On the "European butter is better" story

I have also come across the story of the high-fat European butter, and I am quite puzzled by it. I personally live in Germany, and have shopped in several other European countries too. The butter in the supermarkets in Europe is consistently 82% or 83% fat. The fresh stick in my fridge is declared at 82%.

I have no idea how the whole matter came to be so prominent on the Internet. But I don't see much behind it.

  • If people mean that in other locales, products labeled "butter" are noticeably less than 82% fat, then people should indeed try finding brands which sell 82%-fat-butter, or something close to it. You noted yourself that the Lurpak butter has that much fat.
  • If people think that in Europe, butter has much more fat than the 82% declared as legal minimum, they are mistaken. Maybe professional bakers can source some specialty butter that goes higher, I don't know. But the average home baker works with what is on the supermarket shelf, which is 82 to 83%.
  • The most unusual claim I have heard is that the difference in actual fat content is tiny (e.g. 80 vs. 82%), but the resulting difference in taste is huge. I find that hard to believe. If you are using 100 g butter in a recipe, 1.6 grams of fat more, or 1.6 grams of (bound) water less, is an absolutely tiny amount. It is below the accuracy of home scales, and it is also less than the amount that gets smeared on your bowl and spoon when you transfer the butter from a mise-en-place bowl to the mixing bowl. Its contribution to the final texture should be much smaller than other factors of butter quality, which you simply cannot read off the butter's packaging.
  • There certainly are small artisanal dairies in Europe which promote their production as superior in quality. But their distinguishing criteria are not in the fat content. You won't be able to emulate the results produced with such butter by just having higher fat content. Also, this is such an incredibly tiny detail in optimizing quality, that you have to get everything else absolutely perfect before people with refined palates start noticing the difference. It may be the detail that decides whether a five-star bakery will beat another five-star bakery for the coveted spot on the food critics' list, but it is not something a home baker should worry about.
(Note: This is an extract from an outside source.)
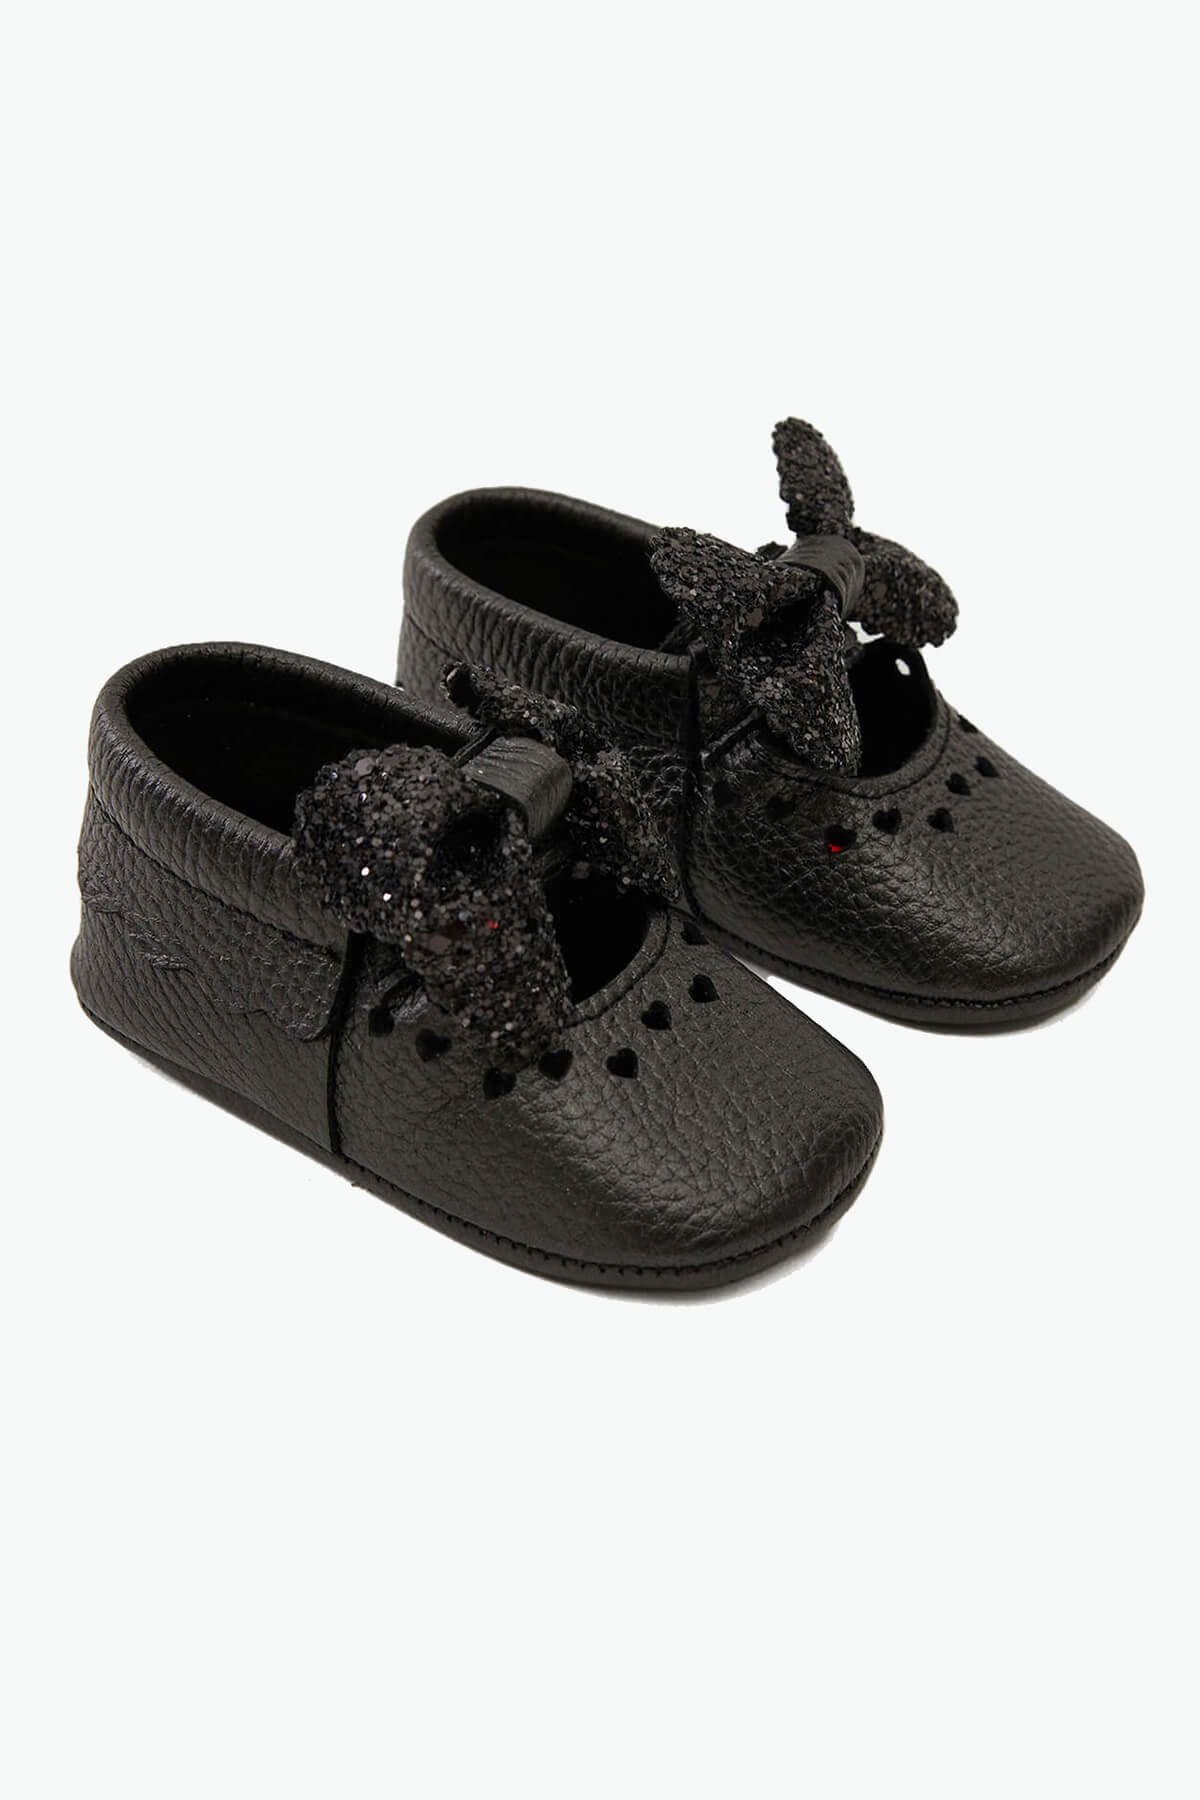 Heart Genuine Leather Baby Shoes Black Ribbon

Lurpak is a brand by Arla, one of the major dairy producers in Europe, and according to its website, it is positioned as a "premium brand". It should be equivalent, or even better, to the butter that home bakers in Europe use for their baking. Using it as-is should give you the results your recipe was designed for.

On mixing butter with ghee

Sure, you can do that, if this is what you want. The question is, why would you?

First, the fat content of a 50-50 mix would be 91%, which is a lot more than standard European butter. If you think that your recipe may be off from just 1% difference, you would expect a disaster from 9% difference. In reality, I think that it won't be a disaster, but it certainly won't be what the recipe is aiming for.

Second, ghee is structurally very different from butter. It has been melted, destroying the complicated emulsion-plus-crystals-plus-semisolid-fat mixture that is butter. When you use ghee, that will have a much larger effect on texture (in unpredictable ways) than the difference in fat percentages.

Third, ghee is different not only in structure, but also in taste/aroma. The final taste will not be the same as when you bake with pure butter.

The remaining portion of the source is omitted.